America's Plan In Uganda Is Hardly Humanitarian

Impact

President Barack Obama’s decision to send 100 troops into Northern Uganda to help fight the Lord’s Resistance Army has sparked major debate, with contributions coming from sources as diverse as journalist John Pilger, actress Mia Farrow, and even shock jock Rush Limbaugh – not the typical African policy experts. It is being touted by many as an altruistic humanitarian intervention in response to pressure from human rights groups. While the move is commendable, describing it as a humanitarian intervention is a bit generous. This deployment is purely about U.S. strategic interests; an intervention in Uganda based only on the interests of its citizens would look drastically different.

Upon closer review, serious questions could be raised about U.S. intentions. Most notably, why now? The Ugandan government has been asking for help with battling the rebels for at least 20 years, but it has received little assistance. Furthermore, after decades of fighting, the LRA is clearly on its last leg – the LRA crisis tracker reports that the group is currently only about 250 strong.

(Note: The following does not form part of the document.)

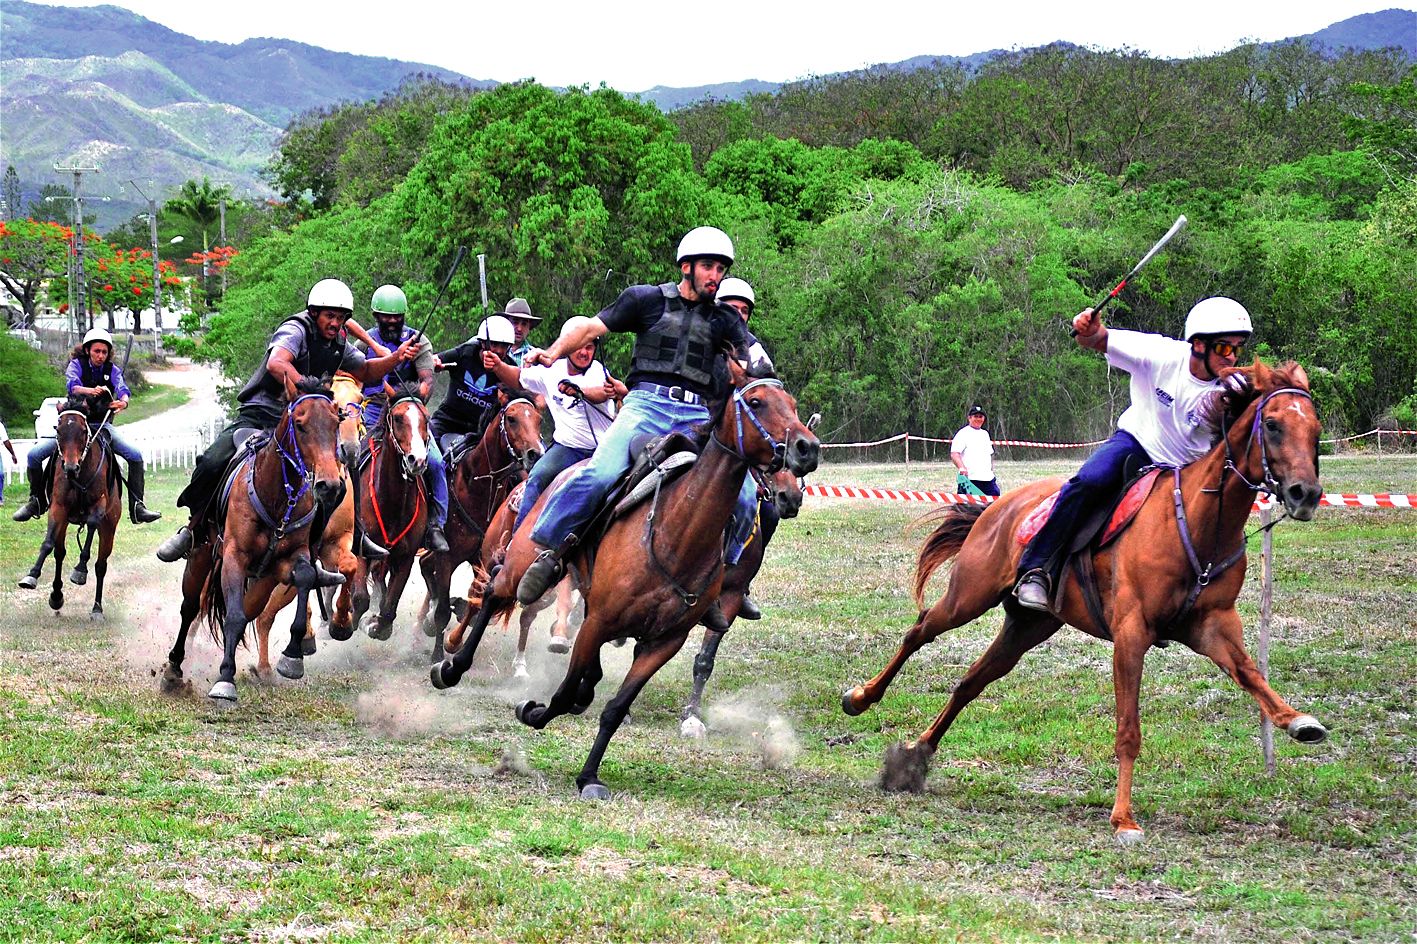 Le Comité équestre de Ouégoa organisera la Fête du cheval, samedi, sur le stade municipal.Photo Archives I.C.

Secondly, given the size of the American force and the fact that it is intended only to play an advisory role, it is difficult to view this as a “humanitarian intervention.” This new directive does little more than take an activity currently handled by the U.S. Africa Command and transfer it to a new, more high-profile fighting force.

The U.S. is “rebranding” its involvement in Uganda this way in order to cozy up to the Ugandan government as they pursue the usual U.S. strategic objectives: Countering Chinese expansion on the continent, securing access to newly discovered Ugandan oil, and continuing the global war on terror. It is worth noting that previous U.S. military intervention in Uganda aimed at eradicating the LRA was disastrous – that botched attempt resulted in the loss of over 900 innocent lives.

If the U.S. does in fact want to improve the humanitarian situation in Uganda, there are other, more logical, ways to achieve this. The biggest obstacle to the strengthening of Ugandan democracy is not Joseph Kony or the dying LRA, but rather, Ugandan president and close U.S. ally Yoweri Museveni.

American diplomatic cables released by Wikileaks cite his “autocratic tendencies” and his administration’s “pervasive corruption” as threats to the Ugandan success story. Over the last few years, his army has been found liable for human rights violations in the Congo by the International Court of Justice and is currently under investigation for further war crimes reportedly committed in Northern Uganda.

In May, he responded to the peaceful “Walk to Work” protests about rising food prices with a violent crackdown which left many injured, including popular opposition leader Kizza Besigye, whose violent arrest was captured, uploaded on YouTube, and viewed by thousands. Museveni, however, continues to receive millions of dollars in U.S. aid and military assistance.

It is obvious that the U.S. is trying to further increase its influence in Uganda and the region; however, this need not necessarily be a purely selfish endeavor. In addition to ‘fighting’ the LRA, the U.S. can improve the lives of Ugandan citizens and increase stability in the Great Lakes region by using its influence on Museveni. The U.S. could encourage Museveni to reign in the Ugandan People’s Defense Force, allow greater freedom of the press and civil society, reduce the Ugandan presence in the Congo (which exacerbates the world’s worst humanitarian disaster), and guarantee the protection of opposition and minority groups, especially the gay community which has recently come under severe attack from his government. That would be the real humanitarian intervention.